President Obama hailed the  Chetty study in his 2012 State of the Union address.

Value-added teacher evaluation, that is, basing the evaluation of teachers on the rise or fall of their students’ test scores, was a central feature of Arne Duncan’s Race to the Top when it was unveiled in 2010. States had to agree to adopt it if they wanted to be eligible for Race to the Top funding.

When the Los Angeles Times published a value-added ranking of thousands of teachers, teachers said the rankings were filled with error, but Duncan said those who complained were afraid to learn the truth. In Florida, teacher evaluations may be based on the rise or fall of the scores of students that the teachers had never taught, in subjects they had never taught. (About 70% of teachers do not teach subjects that are tested annually to provide fodder for these ratings.) When this nutty process was challenged inn court by Florida teachers, the judge ruled that the practice might be unfair but it was not unconstitutional.

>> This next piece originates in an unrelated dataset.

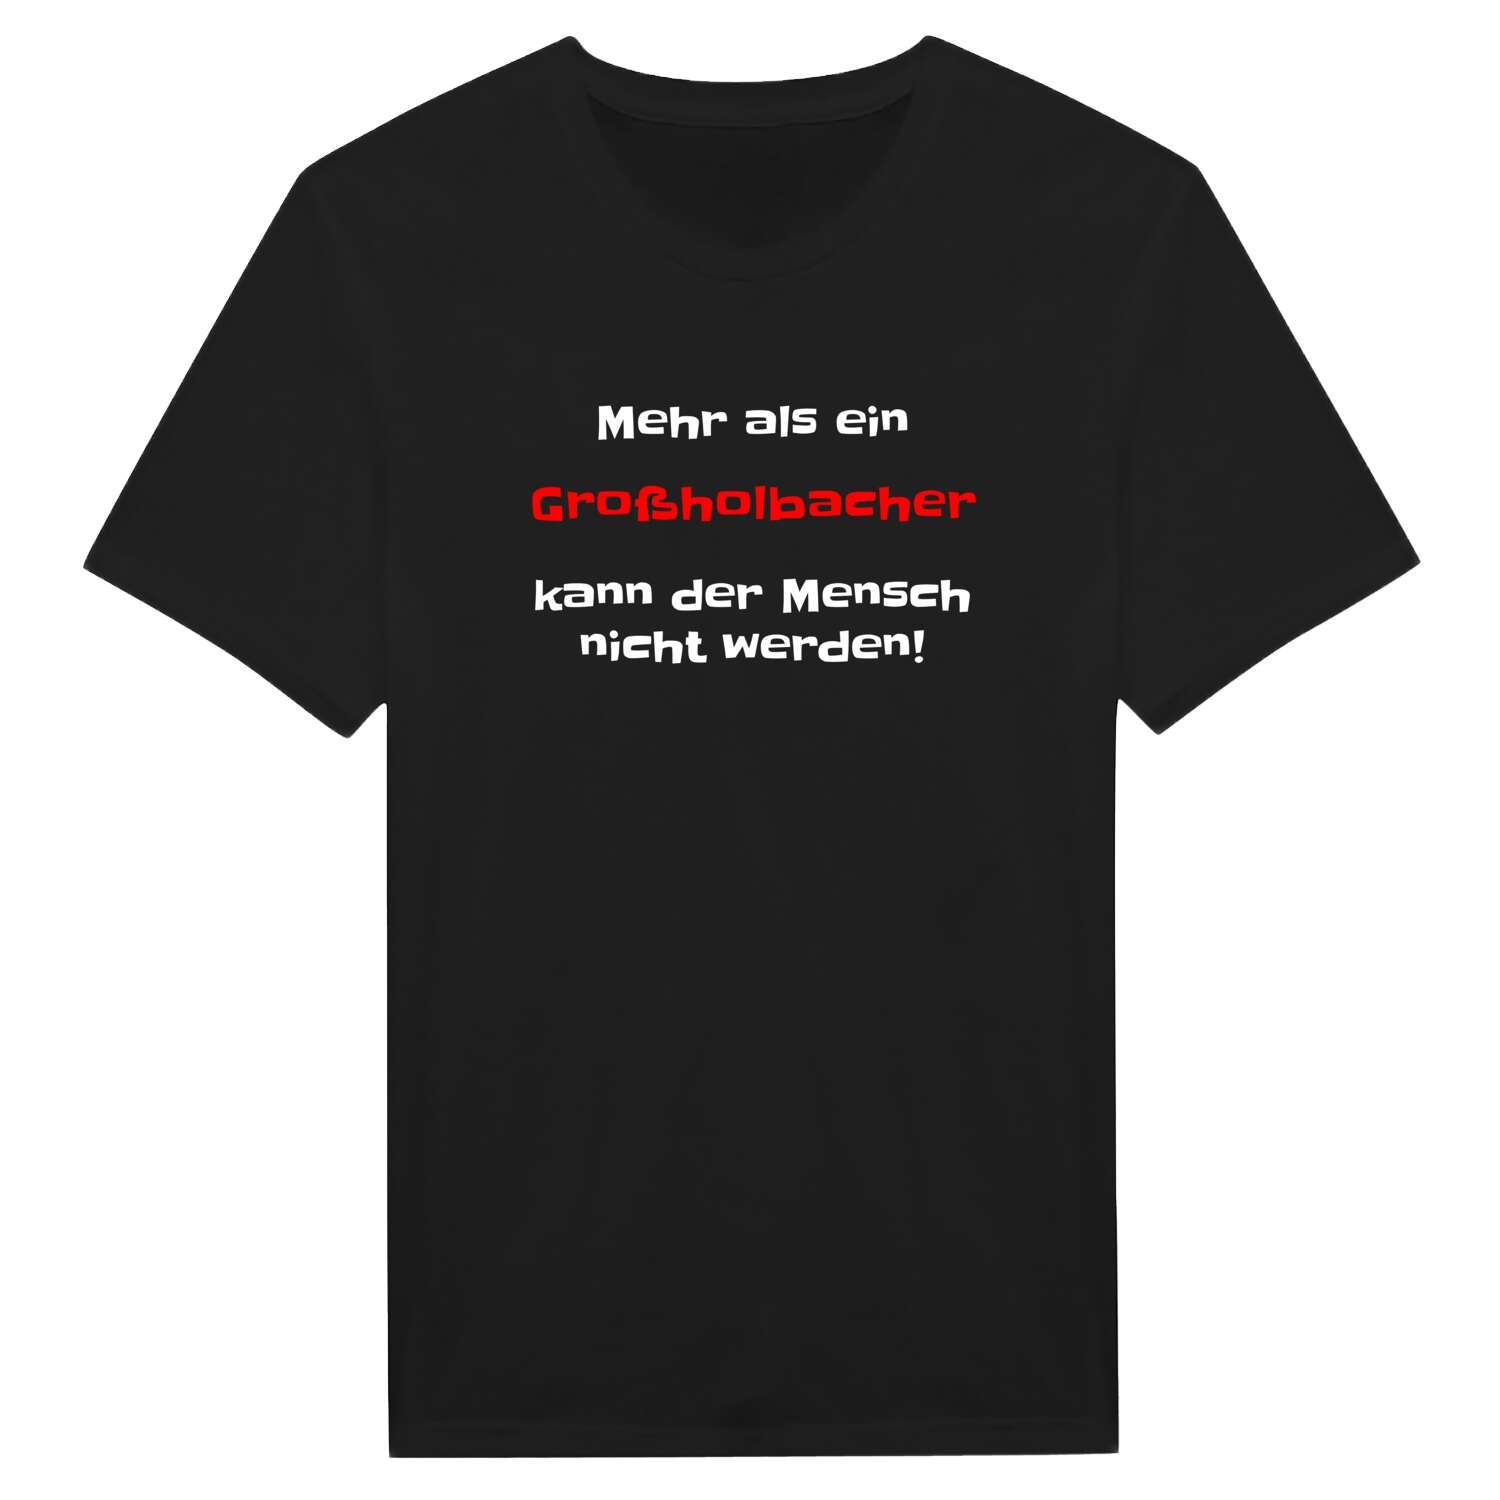 Großholbach T-Shirt »Mehr als ein«

The fundamental claim of VAM (value-added modeling or measurement) has been repeatedly challenged, most notably by economist Moshe Adler. When put into law, as it was in most states, it was found to be useless, because only tiny percentages of teachers were identified as ineffective, and even the validity of the ratings of that 1-3% was dubious. The use of VAM was frozen by a judge in New Mexico, then tossed out earlier this year by a new Democratic governor. It was banned by a judge in Houston.  A large experiment funded by the Gates Foundation intended to demonstrate the value of VAM produced negative results.

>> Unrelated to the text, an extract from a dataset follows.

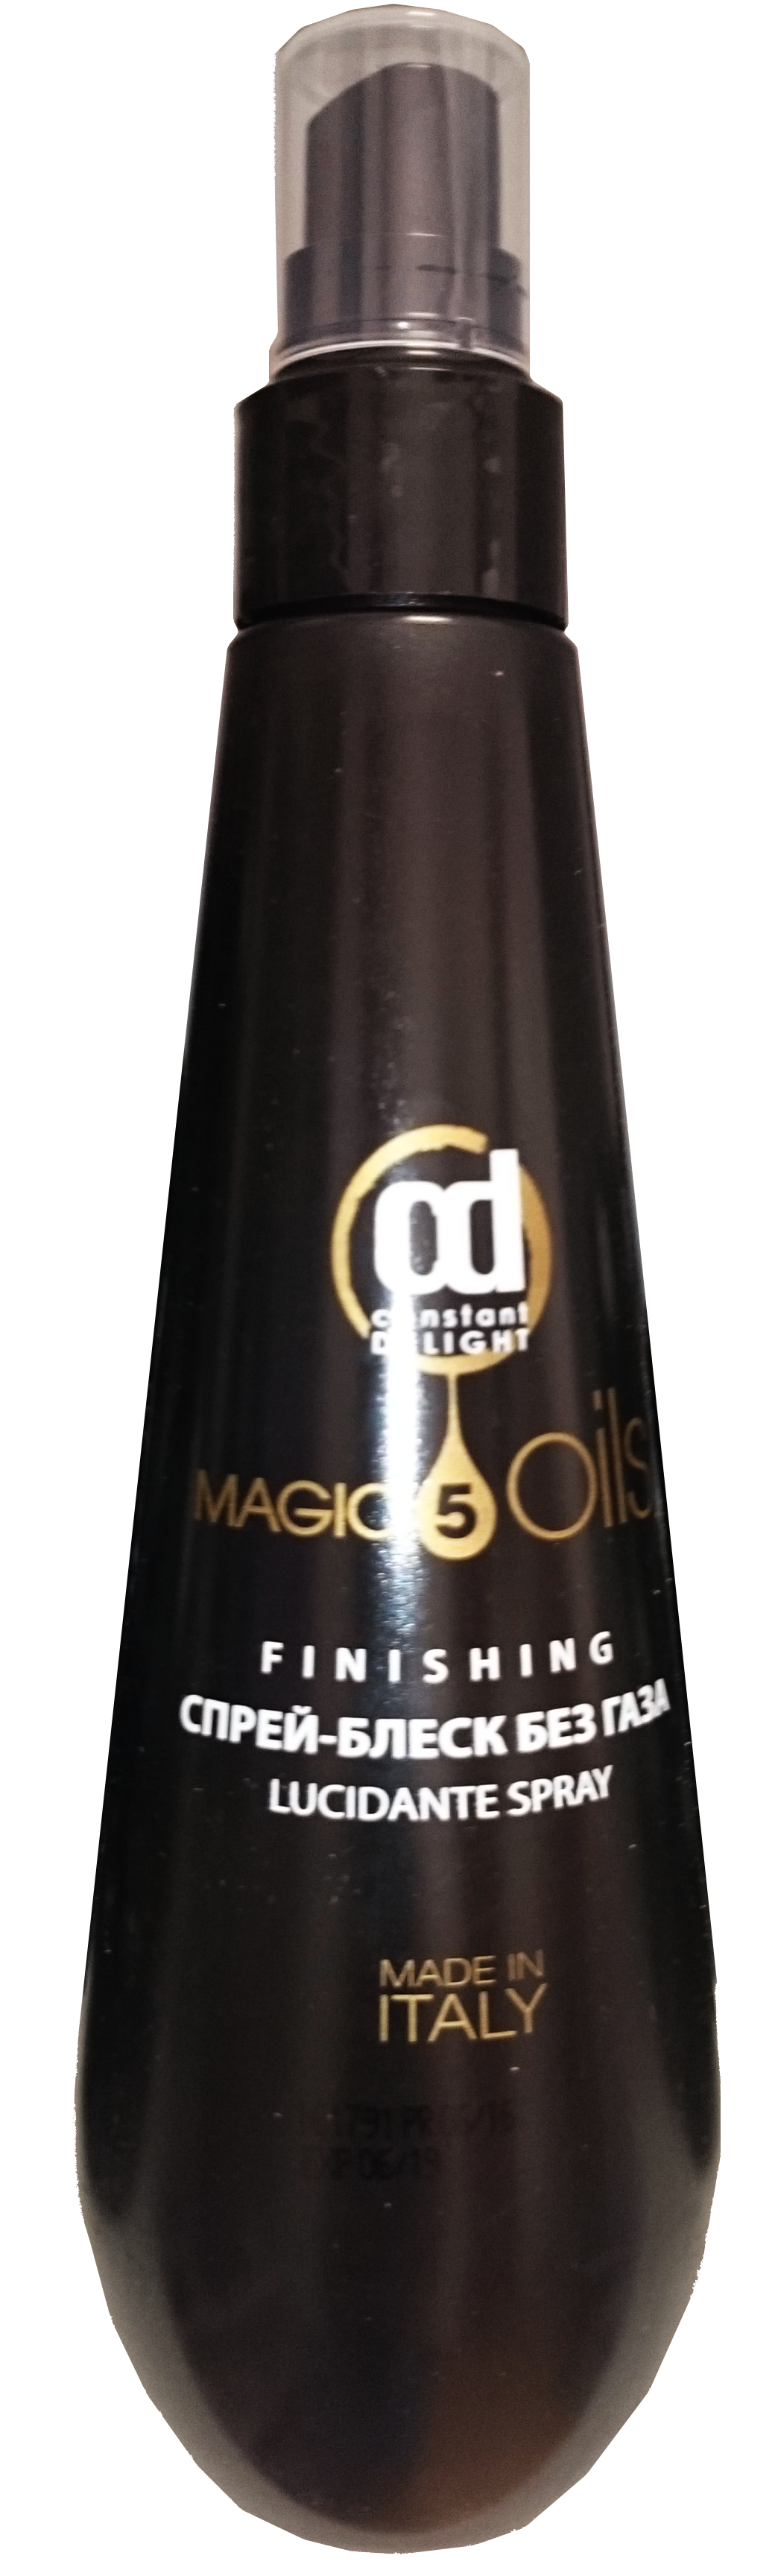 Спрей-блеск без газа 5 Масел «5 MAGIC OILS» FINISHING, 250мл. от магазина HairKiss

Now comes economic research to test the validity of linking teacher evaluation and student height.

 

Marianne Bitler, Sean  Corcoran, Thurston Domina, and Emily Penner wrote:

NBER Working Paper No. 26480
Issued in November 2019
NBER Program(s):Program on Children, Economics of Education Program

Estimates of teacher “value-added” suggest teachers vary substantially in their ability to promote student learning. Prompted by this finding, many states and school districts have adopted value-added measures as indicators of teacher job performance. In this paper, we conduct a new test of the validity of value-added models. Using administrative student data from New York City, we apply commonly estimated value-added models to an outcome teachers cannot plausibly affect: student height. We find the standard deviation of teacher effects on height is nearly as large as that for math and reading achievement, raising obvious questions about validity. Subsequent analysis finds these “effects” are largely spurious variation (noise), rather than bias resulting from sorting on unobserved factors related to achievement. Given the difficulty of differentiating signal from noise in real-world teacher effect estimates, this paper serves as a cautionary tale for their use in practice.